Making the farm-to-table connection through conservation

Farm-to-table meets farm bill conservation in Washington state during our Dine Out for FarmsTM week. The Mark in Olympia, Washington, is featuring steak from Colvin Ranch of Thurston County, one of the oldest, family-owned ranches in the Evergreen State. Fred Colvin was the first landowner in the state of Washington to enroll his ranchland in the Grassland Reserve Program, a farm bill conservation program that helps to safeguard the environment by expanding wildlife habitat.

Going a step further to bring fresh produce to the community

The food pantry in Greenfield, Massachusetts, has a lot more being donated than packaged goods and leftover produce. A retired farmer has planted a half acre of produce, including tomatoes, winter and summer squash, and green peppers, that go directly to the pantry. He estimates that this year’s total donation will come to about 10,000 pounds of produce.

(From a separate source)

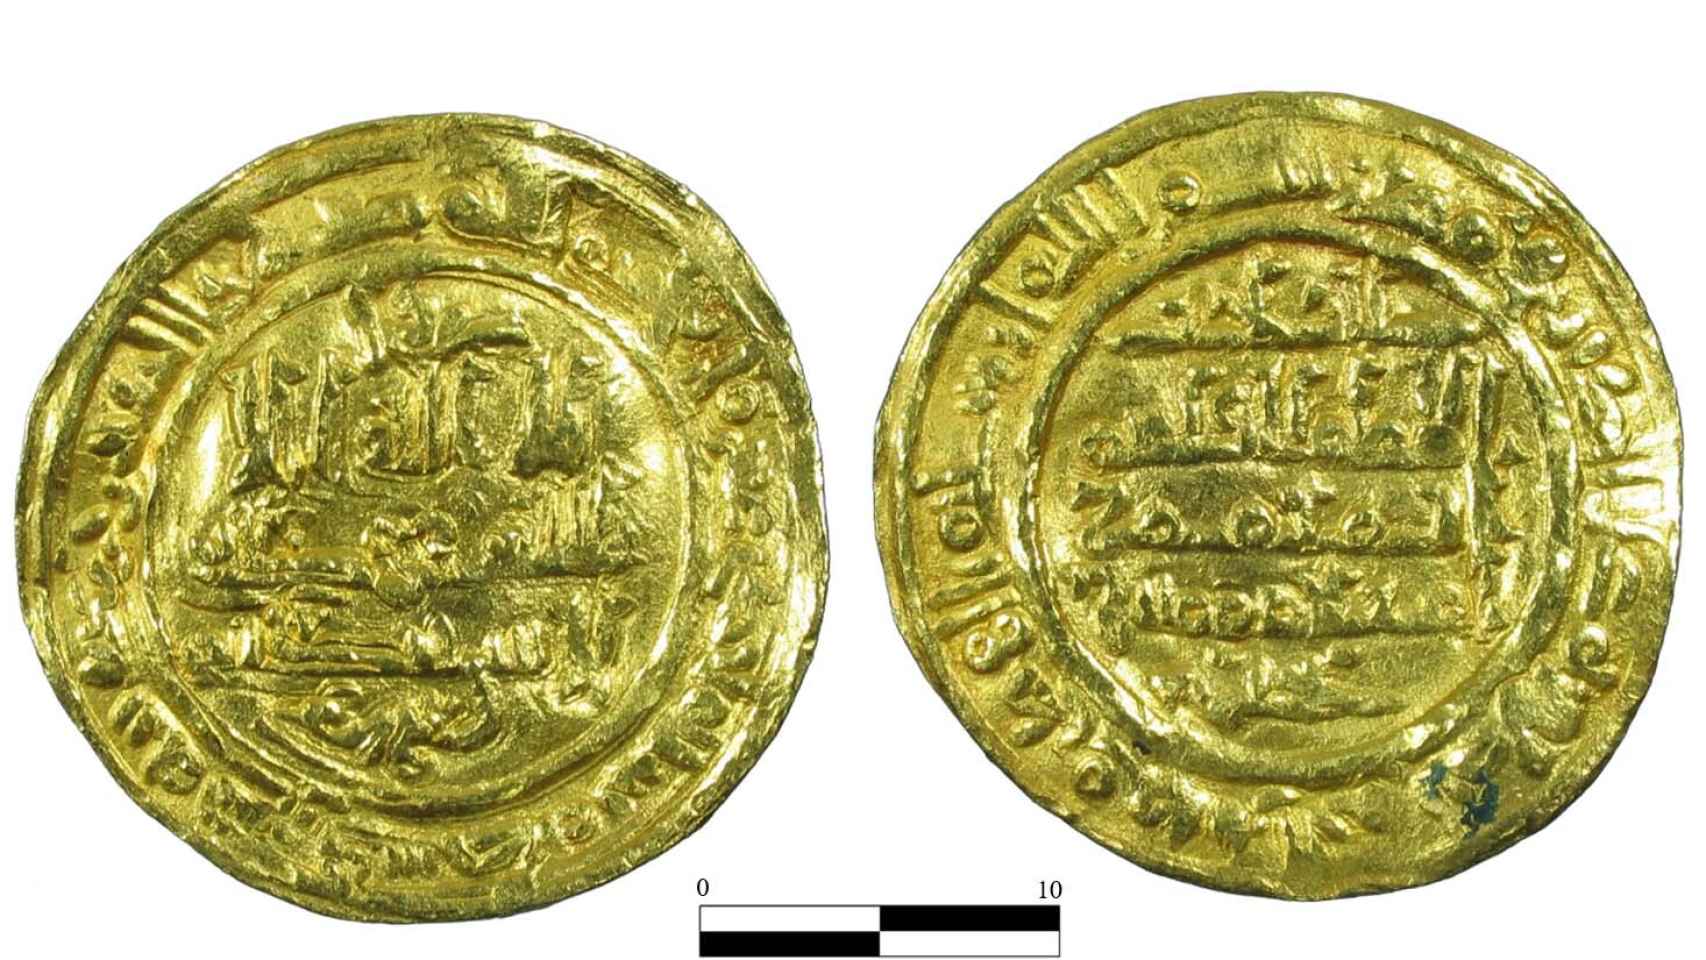 El otro dinar de Zaragoza del año 1020-1021.

Vermont to increase instate food consumption and production

In an effort to increase farming and farm-related jobs in Vermont, the state is increasing its previously formed Farm to Plate Initiative. Some of the goals include doubling the amount of locally produced food consumed in state, and increasing economic development within the farm and food community.

Iowa struggles to feed its farm-rich state

You might think of Iowa as being a state filled with farmland. However, one in eight Iowans lack the resources to acquire nutritious meals. Food bank usage across the state has gone up 25-30 percent since 2008, with no improvement in sight.

Cranberries galore!

The Massachusetts cranberry crop looks like it may be a record harvest this year. To celebrate, plan a visit to a bog or try this delicious cranberry recipe using your local goods!

Farmland continues to be preserved nationwide

Harford County, Maryland, announced this week that nine farms, totaling 1,200 acres, have joined their agricultural preservation program. The state of Pennsylvania also announced the preservation of 1,788 acres of farmland this week. In Washington, 400 acres were preserved in Monroe County under long-term protection from development.

Have a great family farm photograph?

The Community Alliance for Family Farmers, based out of Davis, California, is hosting a photography contest. The theme is family farming and local food, so go capture your best images and submit them by October 24.